Learning Outcomes Assessed: L01, 02, 05 Overview: Strong reports will utilize both theory and best practice guidelines to explain all the aspects of data, using multiple sources.

Submission & Assessment: Submission Criteria – The Report should be uploaded to Moodle (Word or Google Docs with word count included) by Friday 02/08/19 6pm. Assessment Criteria Report:

General Assessment Submission Requirements for Students:

1. Online assignments must be submitted no later than the stated deadline.

2. All relevant provisions of the Assessment Regulations must be complied with. Students are required to refer to the assessment regulations in their Student Guides and on the DBS Quality Assurance Handbook Guide.

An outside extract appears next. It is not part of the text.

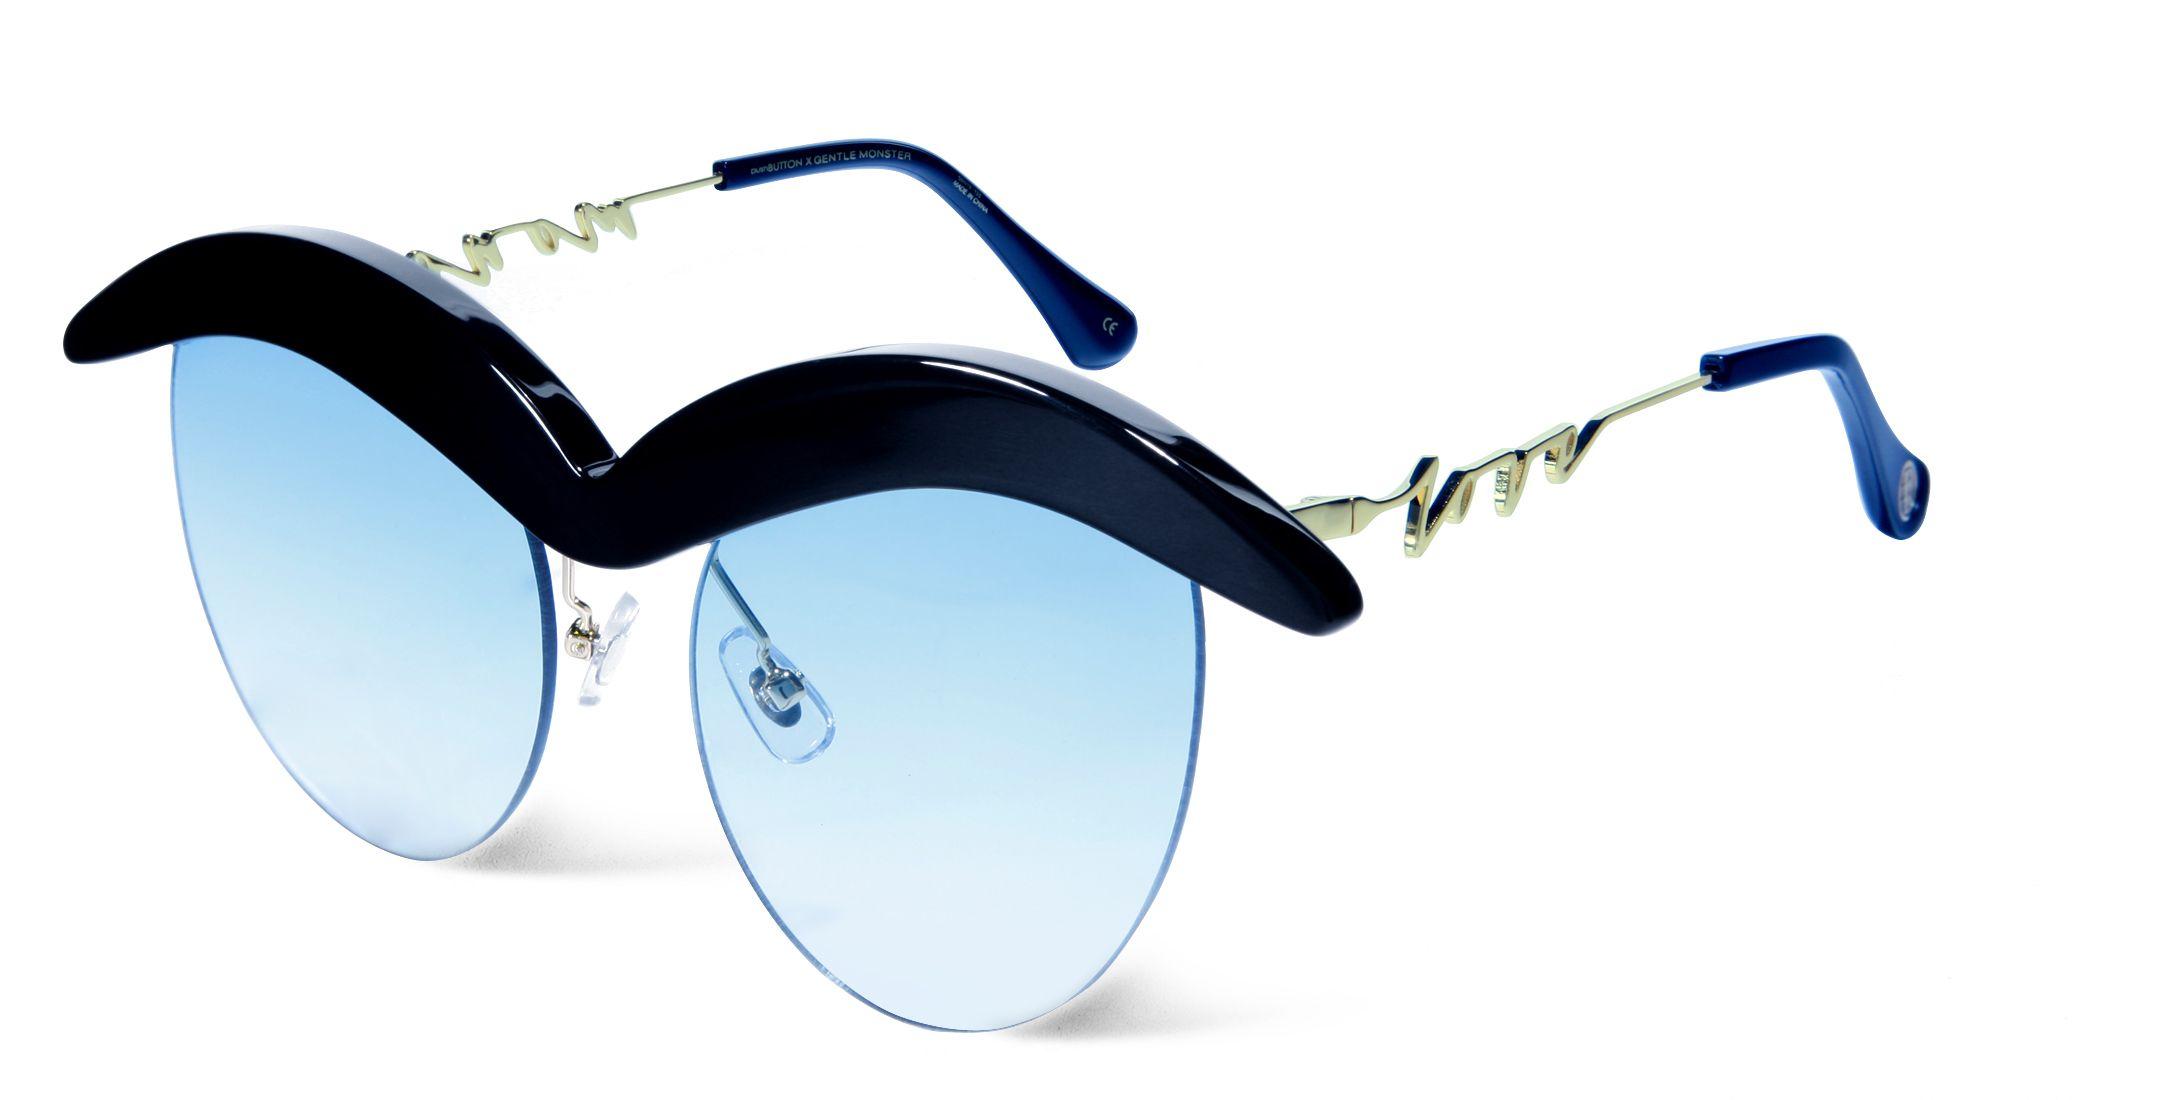 14144de918cf GENTLE MONSTER - FRIDA KAHLO 01(BL) - PUSHBUTTON X GENTLE MONSTER Latest  Sunglasses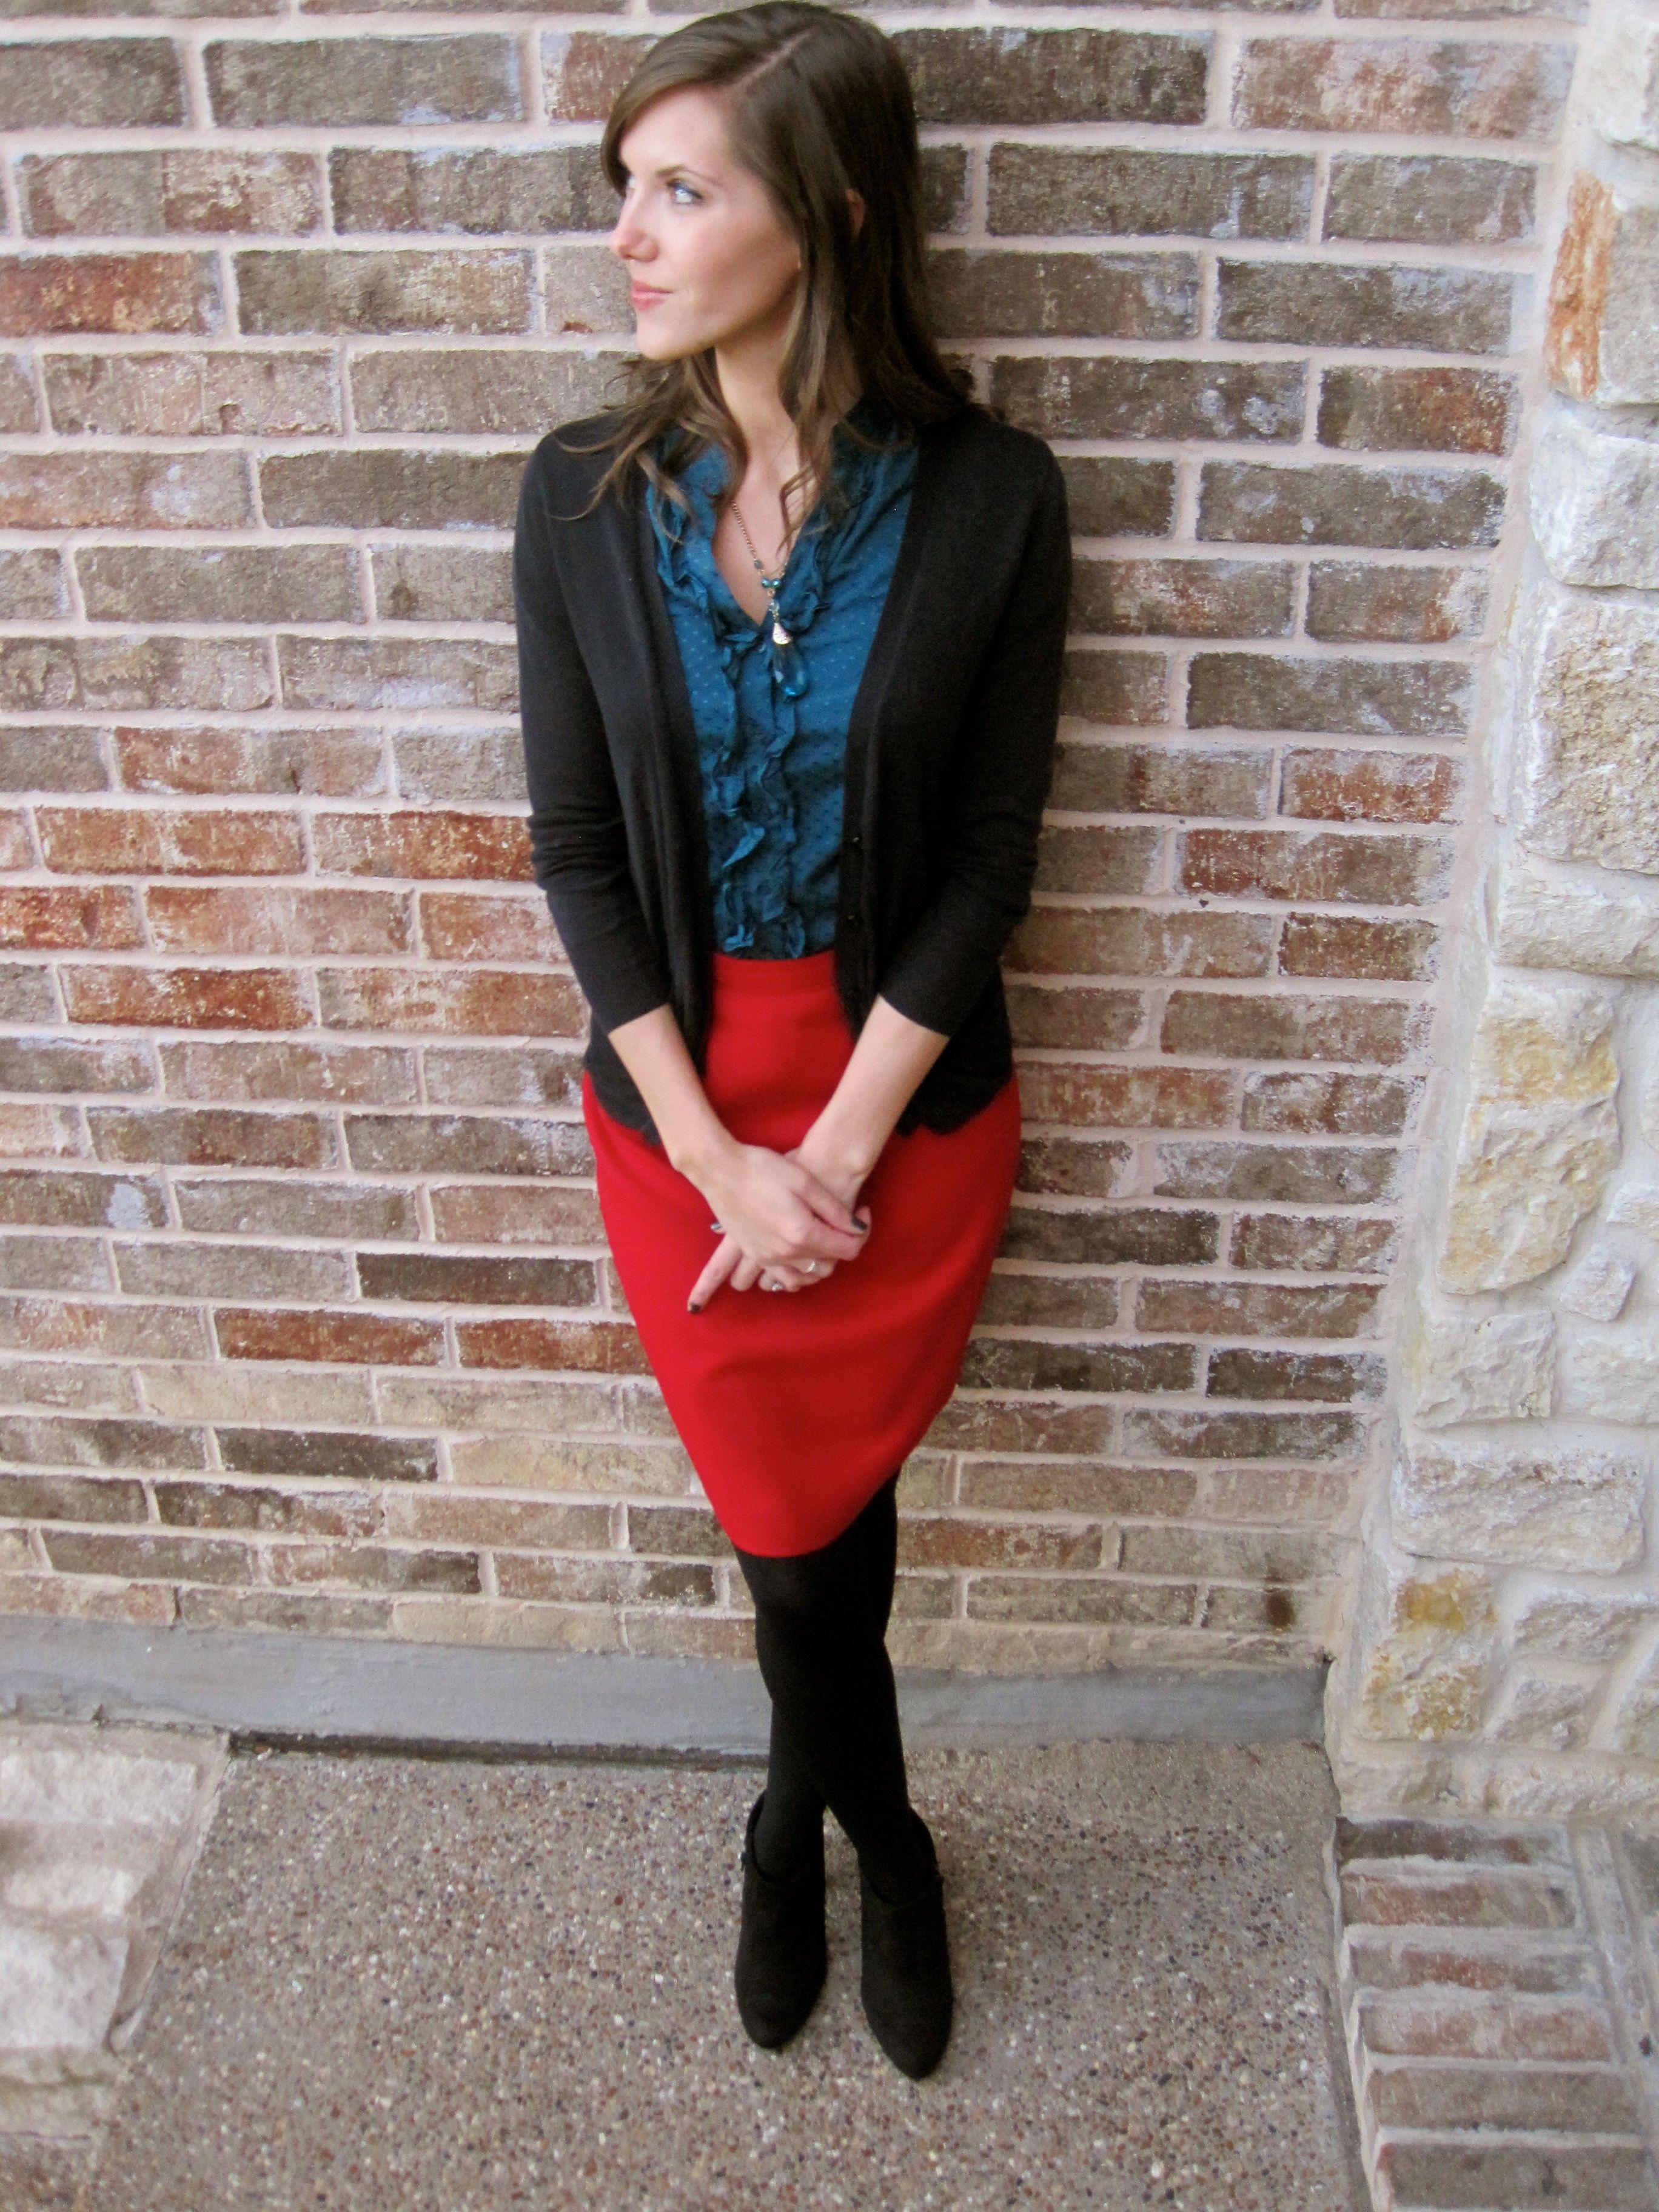 Red skirt, teal blouse, black cardigan (red   teal color block ...

3. Extensions to assignment submission deadlines will not be granted, other

than in exceptional circumstances. To apply for an extension please contact the course administrator.

4. Students are required to retain a copy of each assignment submitted.

5. Assignments that exceed the word count will be penalised.

6. Dublin Business School penalises students who engage in academic

impropriety (i.e. plagiarism, collusion and/or copying). Please refer to the referencing guidelines on Moodle for information on correct referencing.

Late Submission

• Assignments submitted after the deadline published in the assessment specification, including any extension, are deemed to be ‘late’ and are penalized as follows:

• Where an assignment is submitted between 1 and 14 days late, 2 marks per day are deducted.

• Where an assignment is more than 14 days late, it is annotated at the discretion of the lecturer, but no marks can be awarded.